Der politischen Auszeichnung wird eine andere Herausforderung gestellt. Sie basiert auf der Existenz einer universellen ideologischen Grundlage, die von allen anerkannt werden sollte. Doch von einem solchen Universalismus entfernt sich die Welt, und kultureller-ethischer Pluralismus tritt an seine Stelle. Die Auswahlkriterien werden immer individueller.
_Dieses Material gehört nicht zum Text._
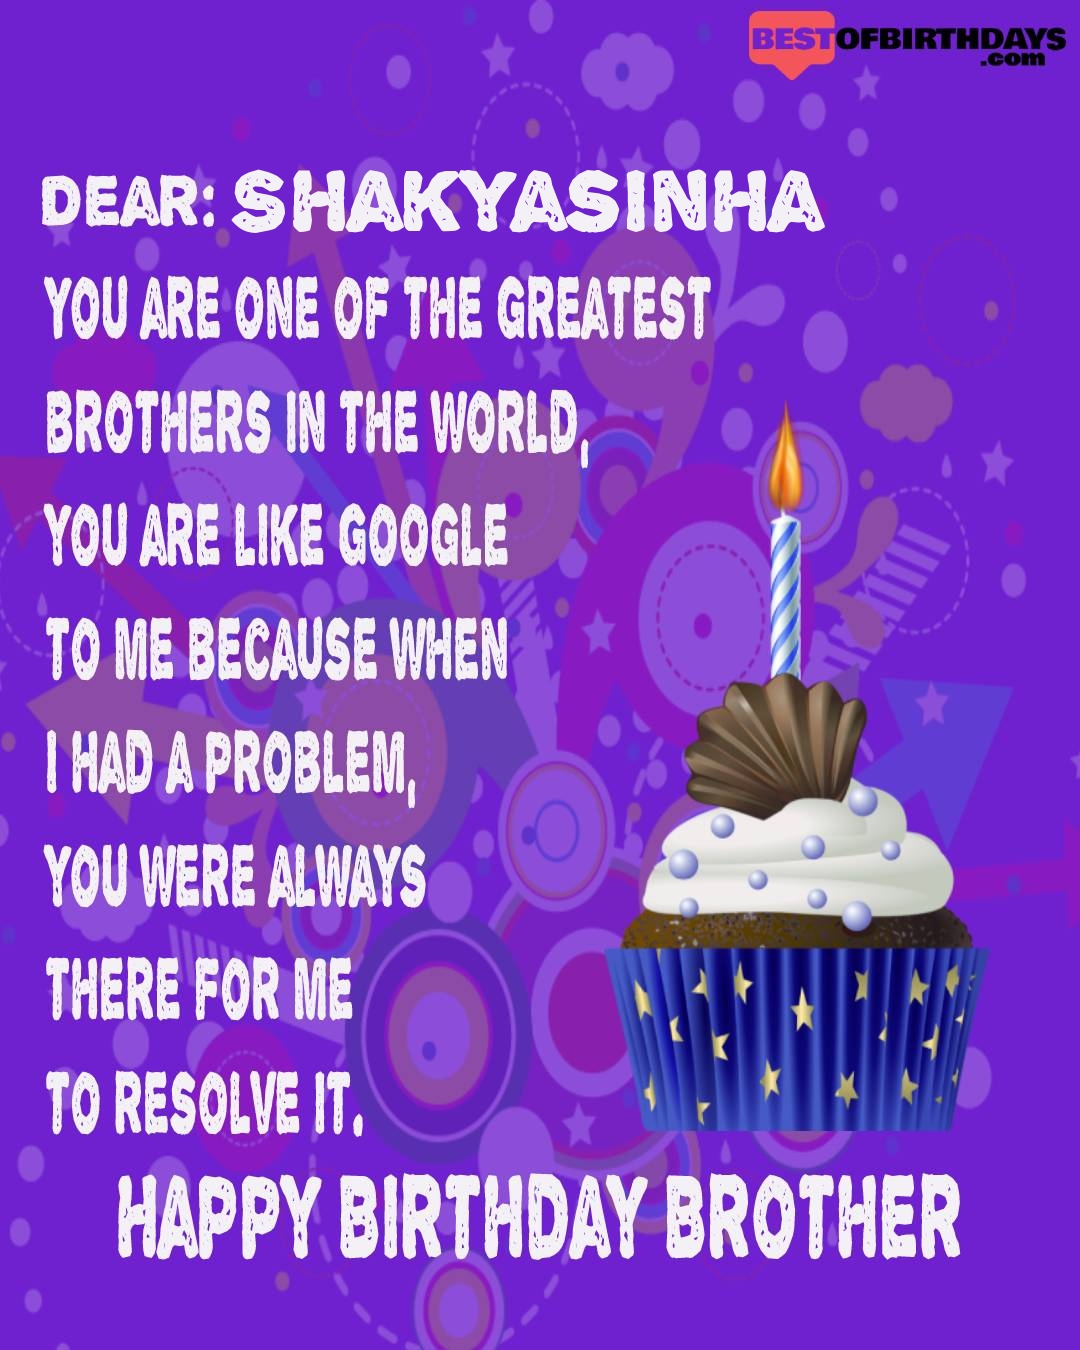 Happy birthday shakyasinha bhai brother bro

Ist das Entstehen von Alternativen zum Nobelpreis in einer multipolaren Umgebung möglich? In der Zeit des Kalten Krieges gab es den Internationalen Lenin-Friedenspreis, der in der UdSSR erfunden wurde. Er beanspruchte, wie der „Nobelpreis“, universell zu sein. Unter den gegenwärtigen Bedingungen kann man die Gründung von Auszeichnungen durch „Interessenclubs“ erwarten, wie zum Beispiel den Internationalen Preis für Leo Tolstoi, der in Russland ins Leben gerufen wurde. Und auch der „Nobelpreis“ für Frieden wird zunehmend zu einem Instrument der westlichen Gemeinschaft, das von Ländern außerhalb dieser Gemeinschaft so wahrgenommen werden wird.
Autor: Fjodor Lukjanow, Chefredakteur der Zeitschrift „Russland in der globalen Politik“.